PhilBoileau / neatmaps

Heatmaps for Multiple Network Data
Other
1 stars 0 forks source link

neatmaps

CRAN_Status_Badge DOI

Overview

The goal of the neatmaps package is to simplify the exploratory data analysis process for multiple network data sets with the help of heatmaps and consensus clustering. Multiple network data consists of multiple disjoint networks that share common variables. Ego networks are an example of such data sets. This package contains tools necessary to prepare raw multiple network data for analysis, create a heatmap of the data, perform consensus clustering on the networks’ variables and assess the stability of associations among variables depicted in the heatmap.

Installation

# To install neatmaps, simply run the following code:
install.packages('neatmaps')

Code Example

Below is an example of how to use the key functions in the neatmaps package on a simulated network dataset. Run this code locally to produce the plots.
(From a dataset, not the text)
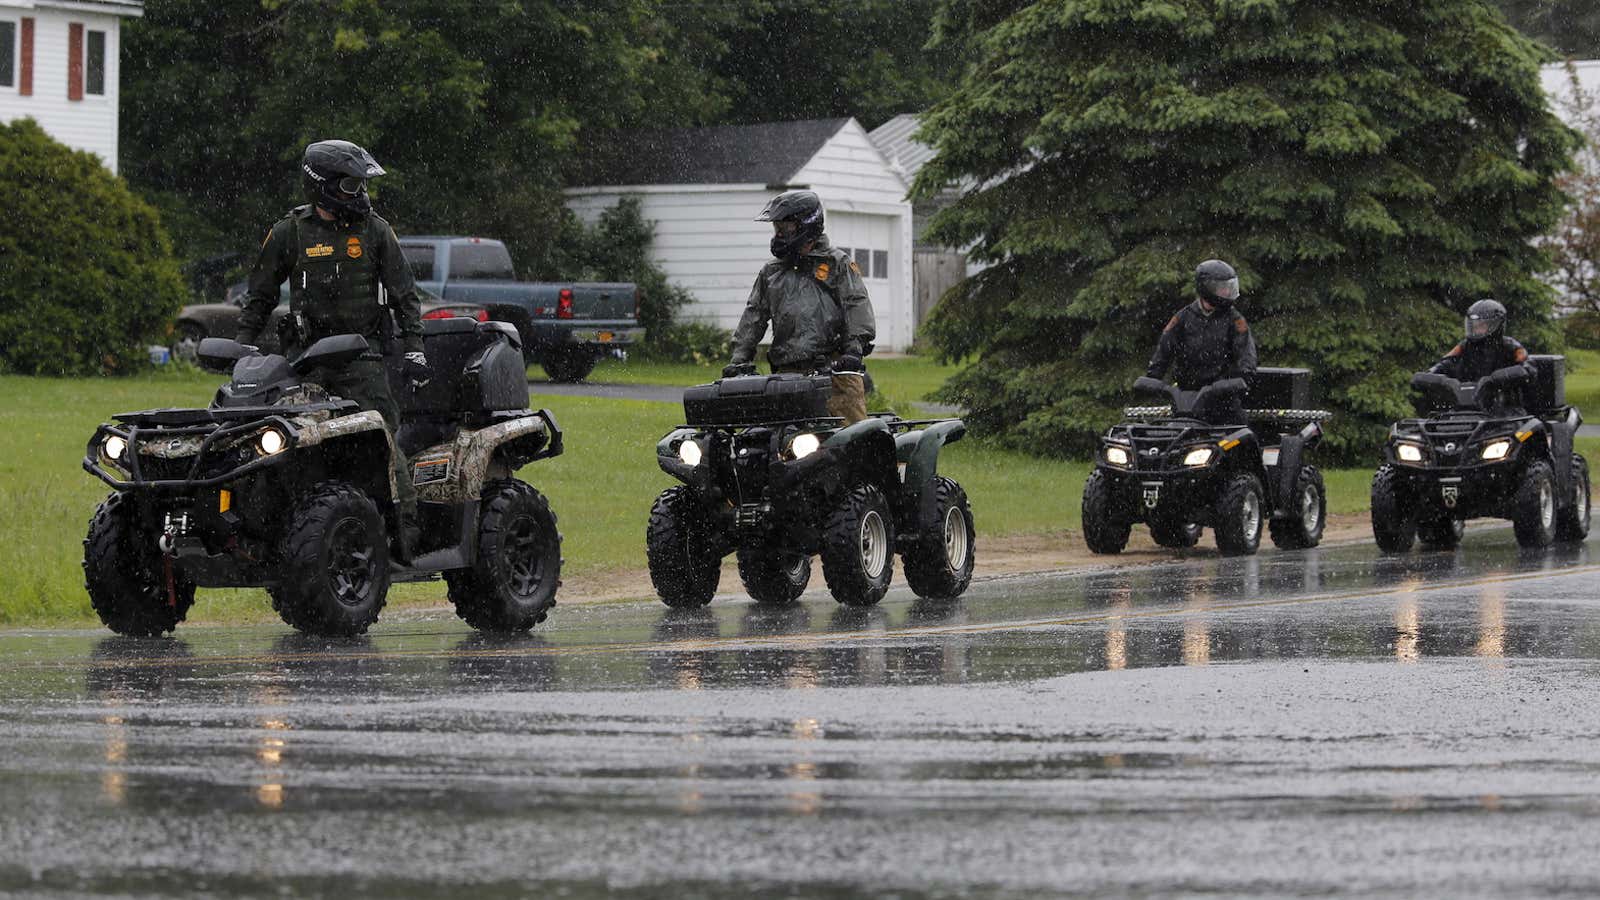 Law enforcement agents search for two recently-escaped prisoners near Cadyville, New York.

First, load the package and format the network data using the netsDataFrame function. This function has four inputs: an nxp data frame of n networks described by p graph attributes (e.g. density), an *nxm*k data frame of n networks, their m nodes and k variables describing these nodes (e.g. age of node, in a social network context), a data frame containing the undirected adjacensy matrix and a string defining the aggregation function used to summarize the node variable data.

The data frame is then passed to the neatmap function. The data is scaled using the ecdf method, and the maximum number of clusters among the aggregated variables to be considered by consensus clusterting is set to five. For each iteration of consensus clustering, 1000 bootstrap repititons are computed.

library(neatmaps)

set.seed(215)

df <- netsDataFrame(network_attr_df,
                    node_attr_df,
                    edge_df)

neat_res <- neatmap(df, scale_df = "ecdf", max_k = 5, reps = 1000, 
                    xlab = "vars", ylab = "nets", xlab_cex = 1, ylab_cex = 1)
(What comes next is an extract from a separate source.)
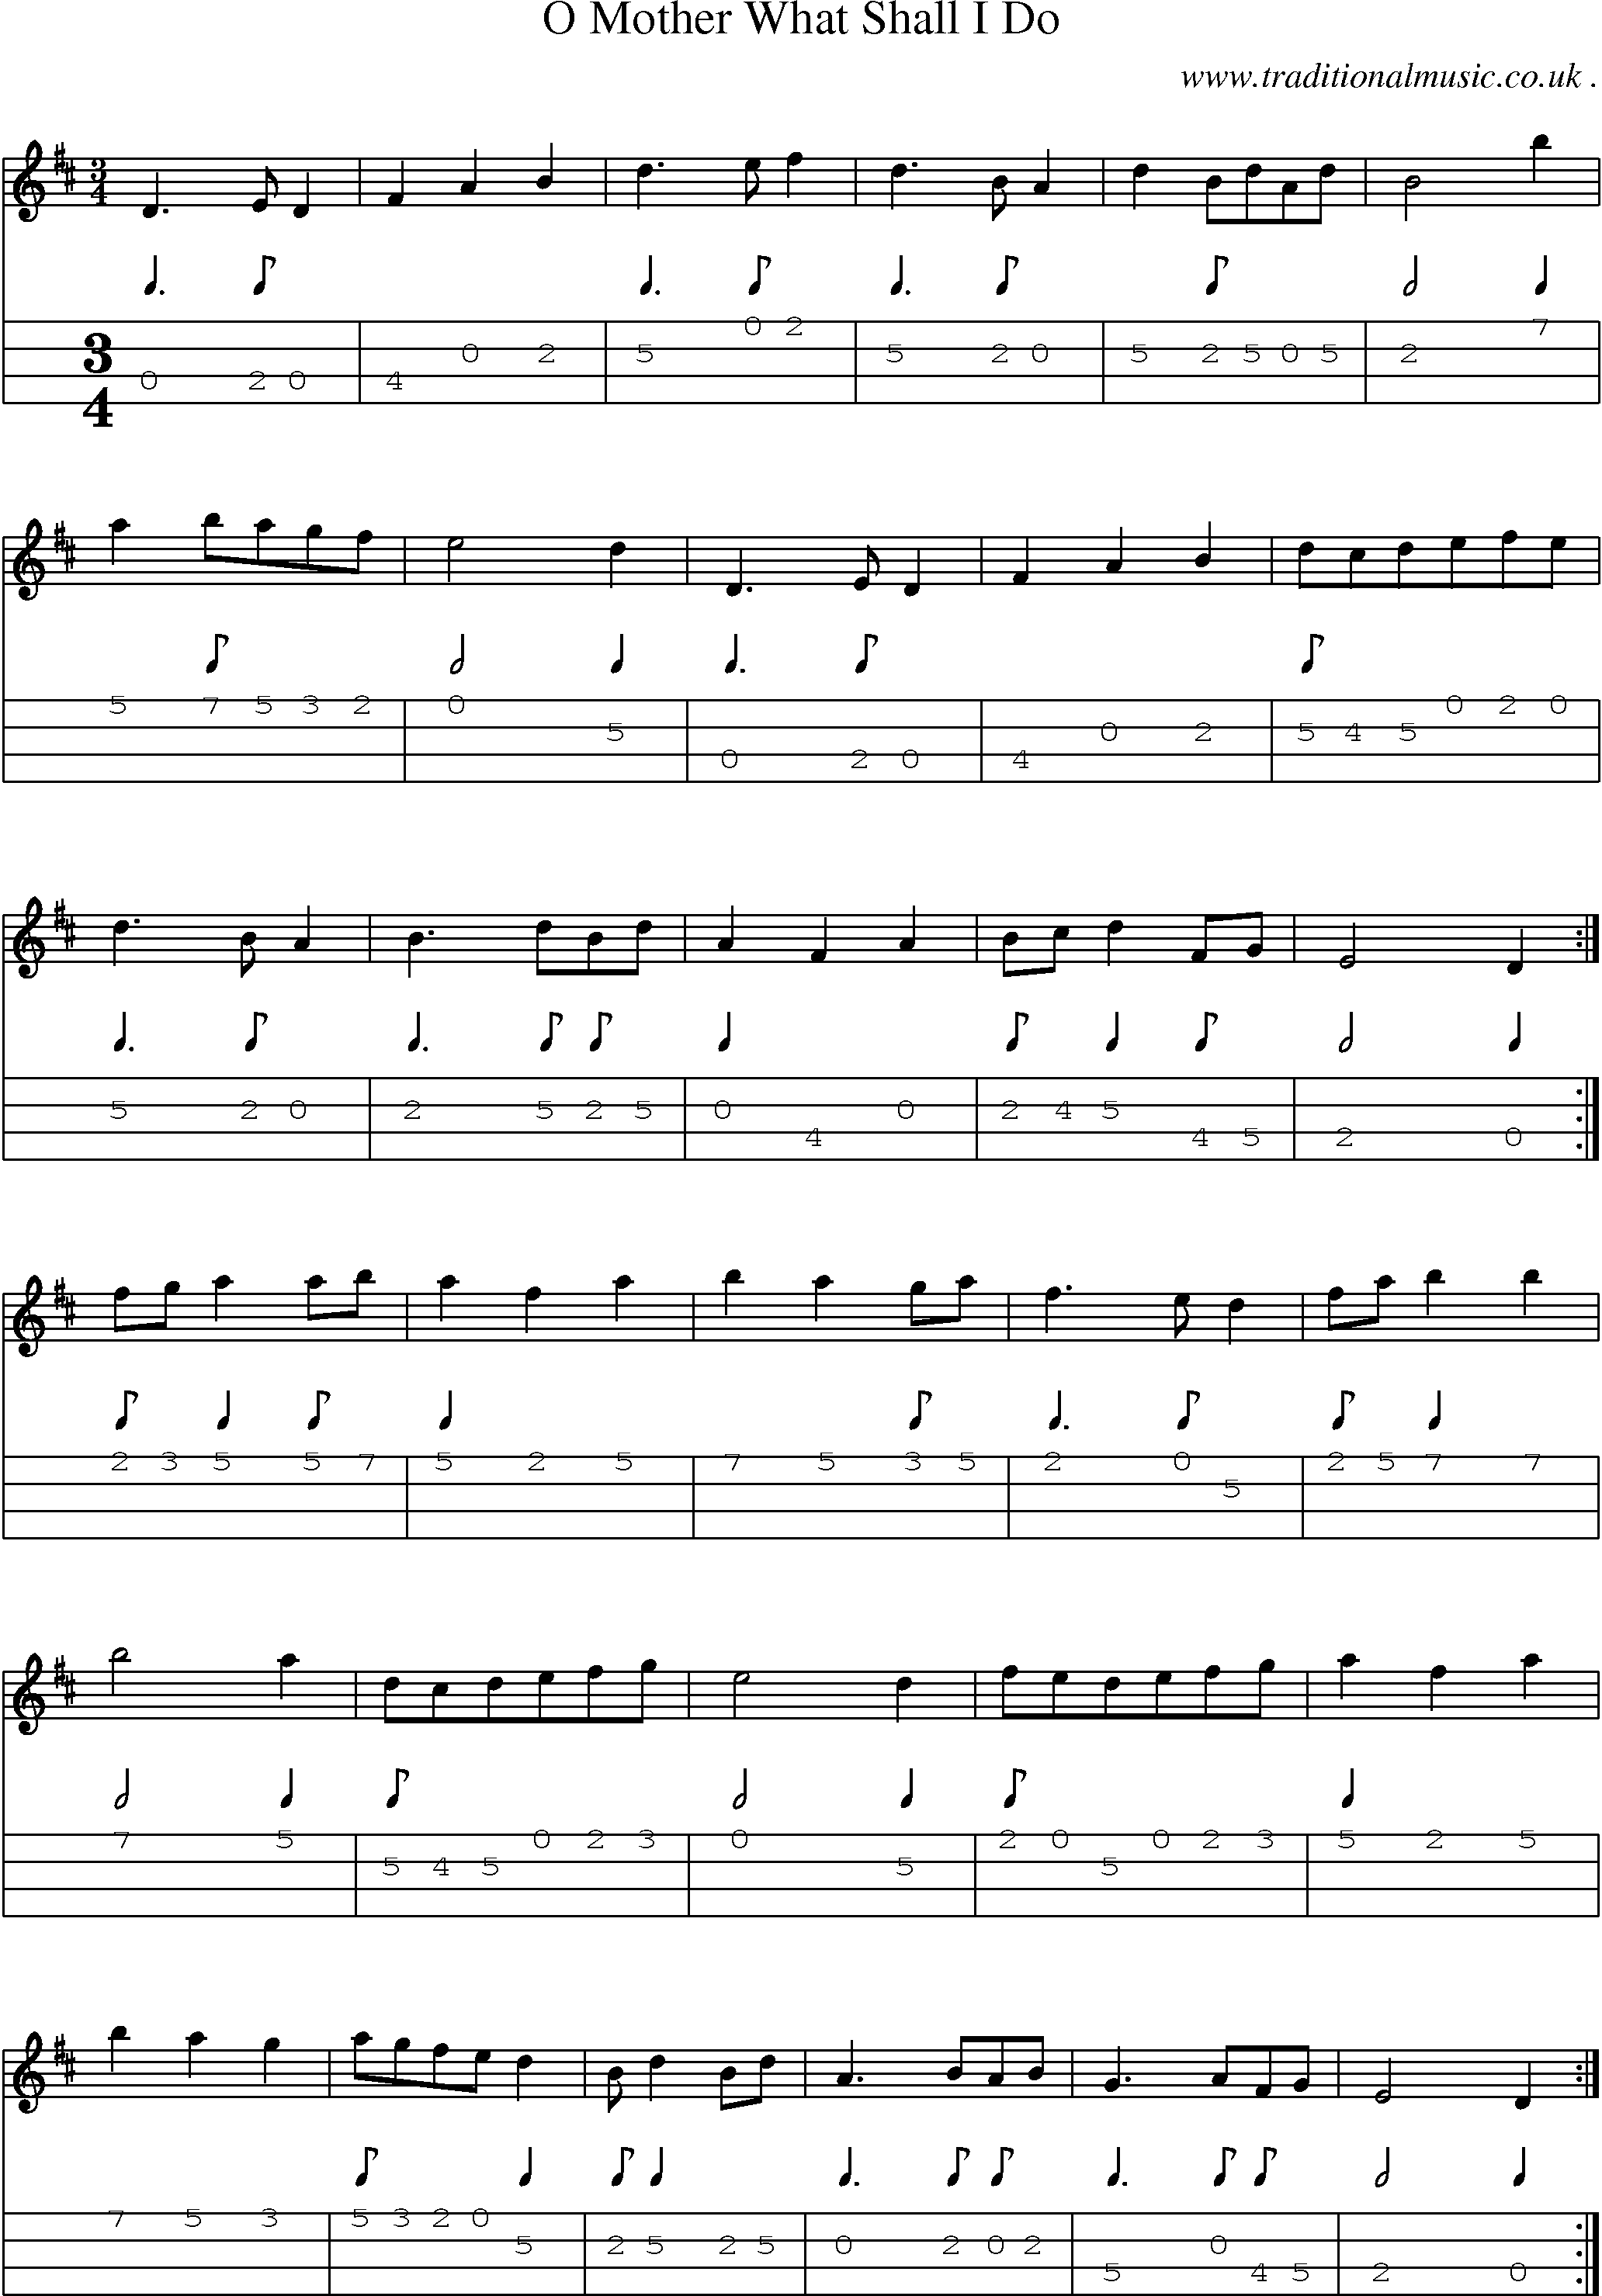 Sheet-music  score, Chords and Mandolin Tabs for O Mother What Shall I Do

Next, the heatmap is plotted.

neat_res$heatmap

Finally, the results of the consensus clustering are visualized to identify the stable clusters of variables in the heatmap. The consensus matrices are presented first, followed by the ECDFs of the consensus matrices and finally the relative change in ECDF of consecutive iterations of the consensus clustering algorithm.

consensusMap(neat_res)

consensusECDF(neat_res)
consensusChangeECDF(neat_res)

These results indicate that there are likely four distinct clusters among the aggregated network variables, since the consensus matrix with four clusters offers the shapest contrasts between clusters, it’s ECDF most closely resembles that of an indicator function, and because of the elbow in the relative change of the ECDF occurs when there are four clusters.

Further documentation is available on CRAN.